J’ai écouté de nombreuses heures d’interviews en podcast avec lui, et j’aurais aimé le connaître ; J’avais l’impression que j’aurais pu l’aider d’une manière ou d’une autre, ce qui est la prémisse narcissique de toutes les relations parasociales. Je n’aurais pas pu l’aider. Il a vécu et est mort comme il le voulait. Une semaine avant sa mort, il a envoyé à son meilleur ami, le comique Bob Saget, un texte de trois mots : « Je t’aime ». C’étaient les mêmes mots qu’il avait prononcés, surprenant lui-même, lors de sa dernière apparition sur Letterman quelques années plus tôt. Il s’était attendu à éclater de rire et il a joué un set devenu légendaire. Mais quand il était temps de dire au revoir à son mentor – la toute première personne qui l’avait eu à la télévision tard dans la nuit – il était bouleversé. « Je t’aime », a-t-il dit. Au cours de sa dernière année, il a posté des vidéos Instagram de sa mère traînant dans son appartement, racontant de terribles blagues. Une fois, il a dit que les seules choses qu’il ne pourrait jamais jeter étaient les cadeaux que son fils lui avait donnés.

Tout cela ne concerne pas vraiment les célébrités, bien sûr ; il s’agit de moi. Je peux voir chez ces patients célèbres des aspects de ma propre expérience : ma peur, ma douleur et mon désir féroce de m’accrocher aux gens que j’aime. Mais parce que les célébrités existent derrière le verre de sécurité de la célébrité, je peux suivre leurs hauts et leurs bas sans ressentir un froid mortel.

J’étais vraiment désolé pour Farrah Fawcett, mais quand je me suis assis sur cette chaise, surpris par la nouvelle de sa mort, ce que je pleurais, c’était ma propre jeunesse. Il y a des décennies, quand toute la vie était devant moi, et que je ne savais pas quel genre de femme je deviendrais, il semblait que la chose à faire était de me couper les cheveux comme les siens, et peut-être que tout le reste suivrait.

Et j’étais triste pour Norm Macdonald pour lui-même, mais aussi parce qu’il m’a rappelé que je suis assez vieux maintenant pour voir ma propre génération commencer à disparaître. Il faudra encore une décennie pour que le processus s’accélère vraiment. Mais Macdonald faisait partie du paysage. Comment pourrais-je vieillir si la personne la plus drôle des talk-shows – les émissions qui sont par ailleurs remplies de jeunes starlettes ennuyeuses – avait mon âge ? Six décennies : c’est combien de vie ? Est-ce assez de vie ?

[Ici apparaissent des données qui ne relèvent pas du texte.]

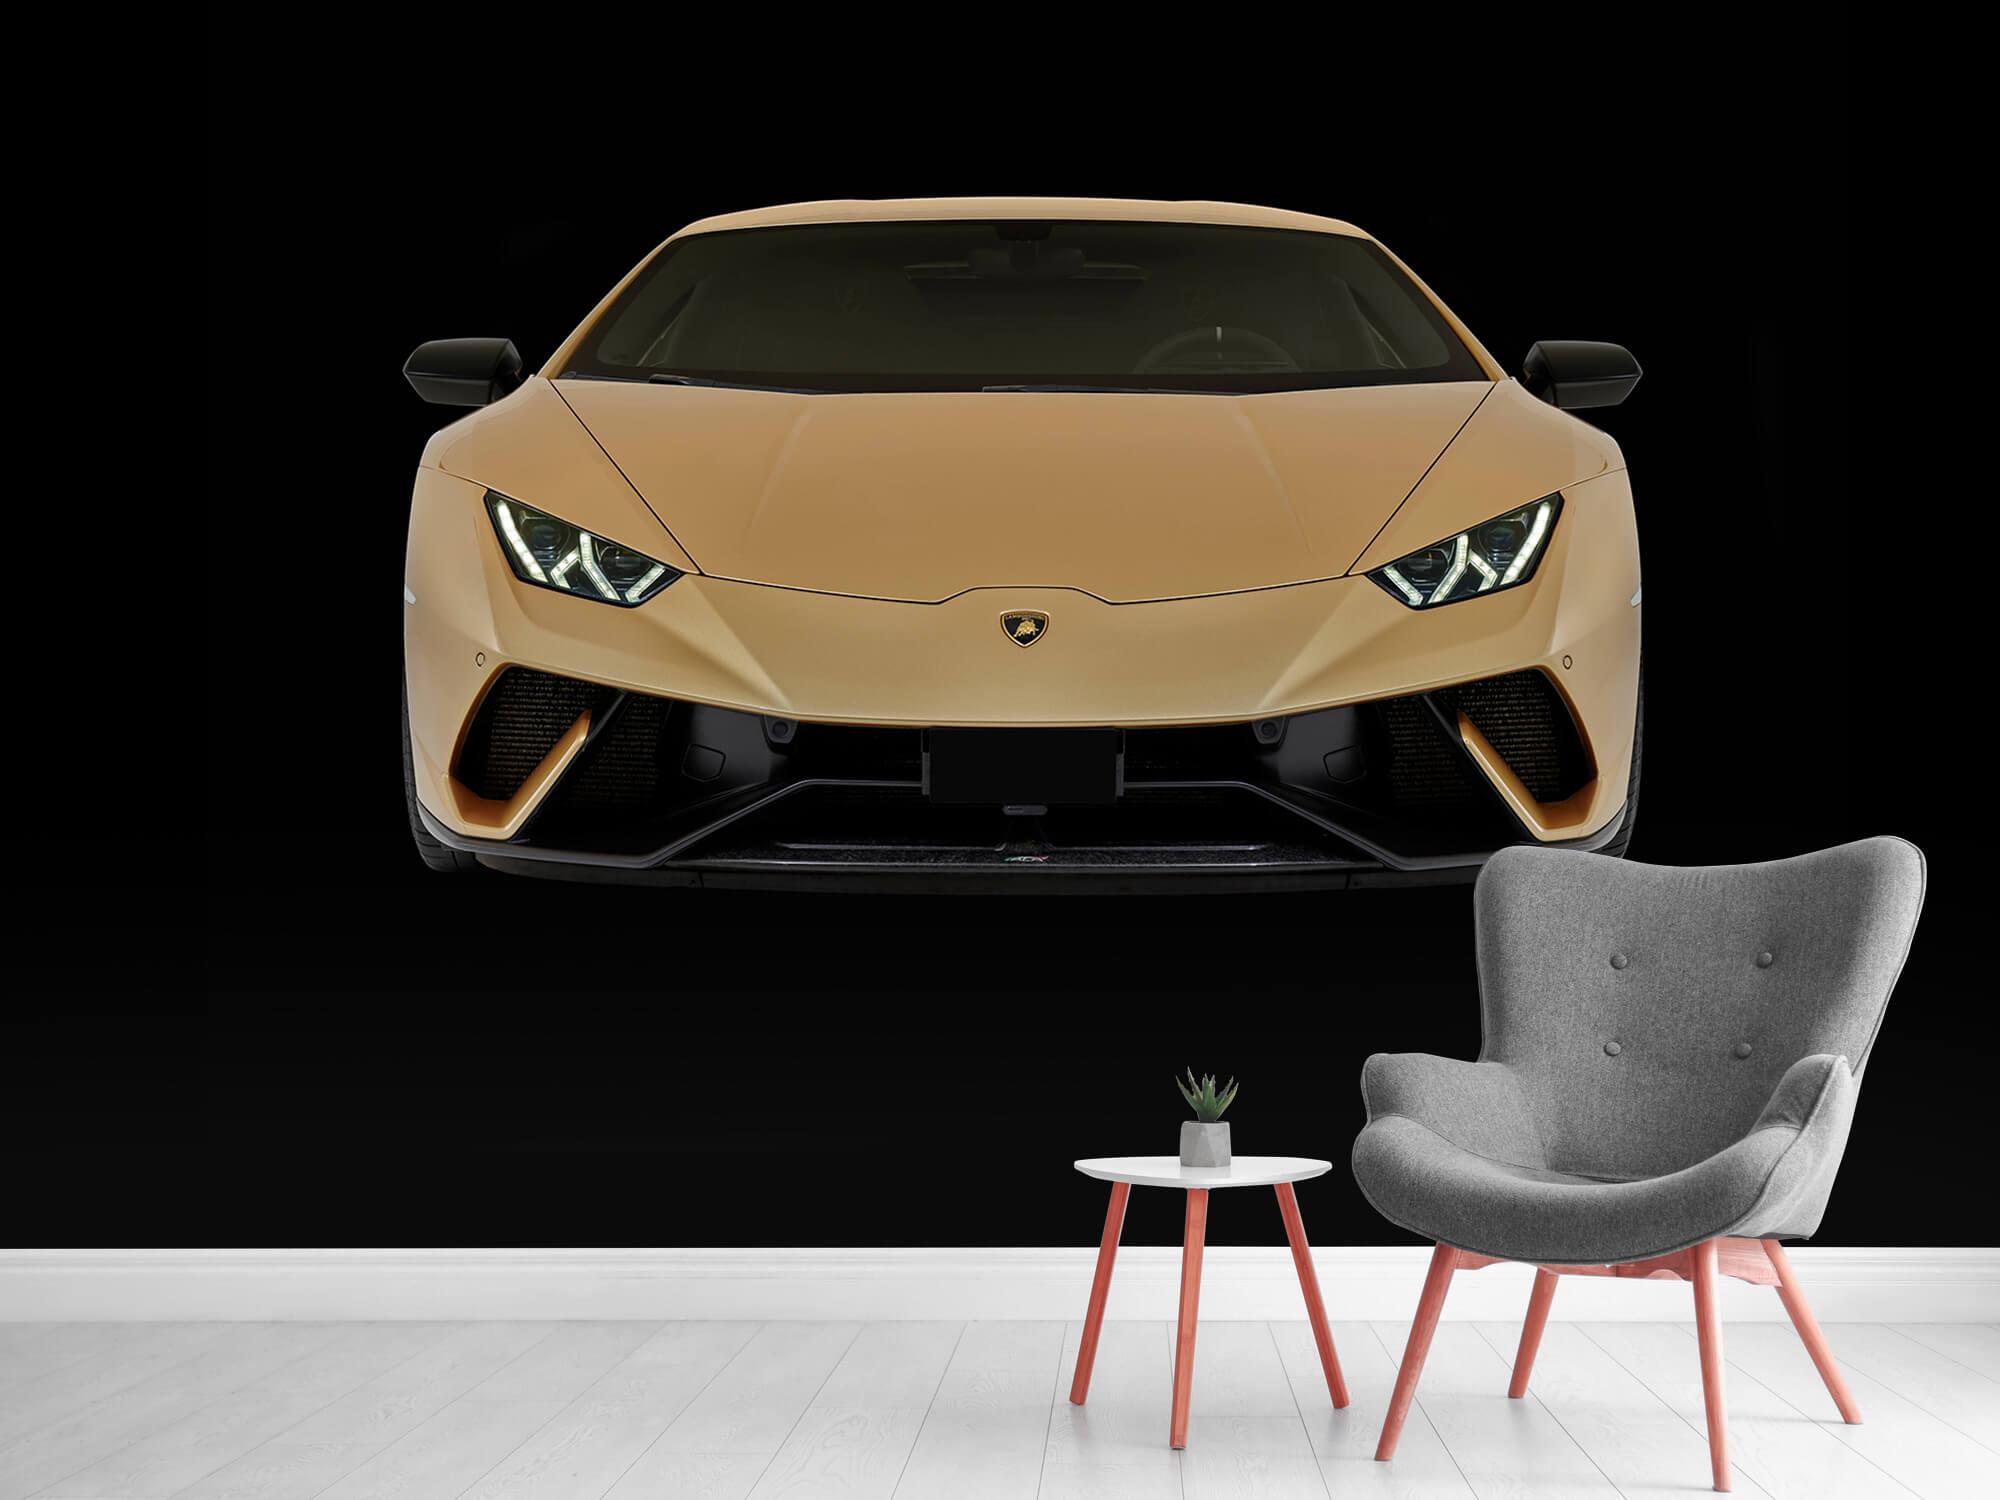 Wallpaper Lamborghini Huracán - Voorkant, zwart 12
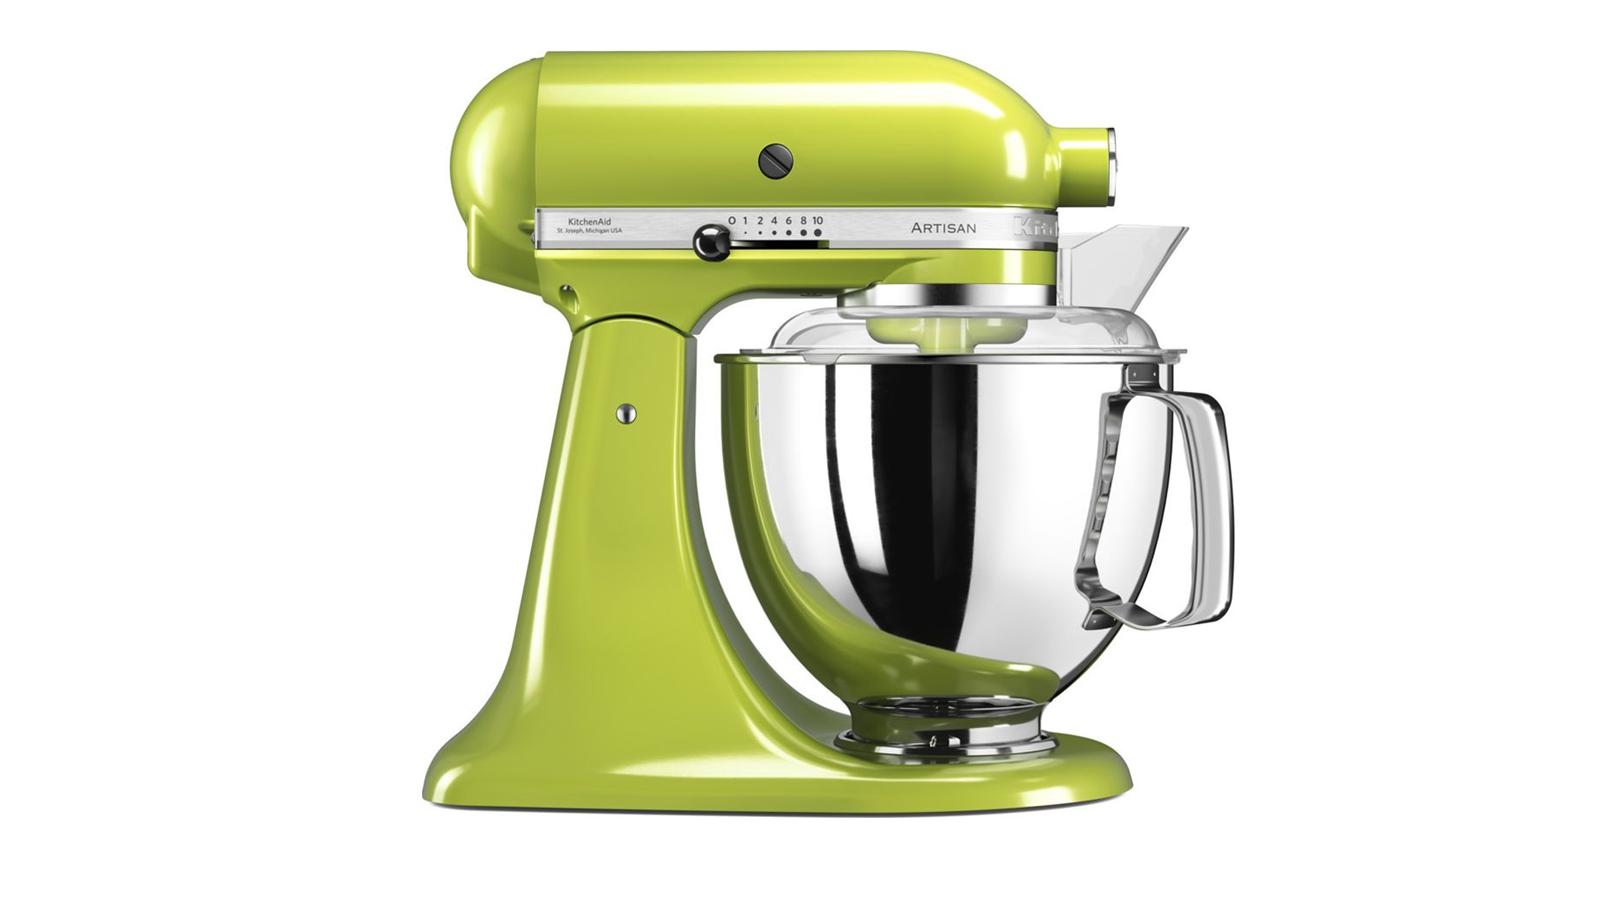 KitchenAid Artisan 5KSM 175PSBGA Stand Mixer   Green Apple

Il n’y a qu’une seule chose que nous savons sur la mort : elle vient pour nous tous, les célèbres et les obscurs, et après cela, nous disparaissons assez rapidement de la mémoire. « Ici repose celui dont le nom a été écrit dans l’eau », est-il écrit sur la pierre tombale de Keats. Peu de temps après l’annonce de la mort de Farrah Fawcett, les paparazzi ont sauté sur leurs motos et garé illégalement des voitures et se sont enfuis. Michael Jackson était mort à Westwood, et presque immédiatement, Farrah Fawcett a été oubliée.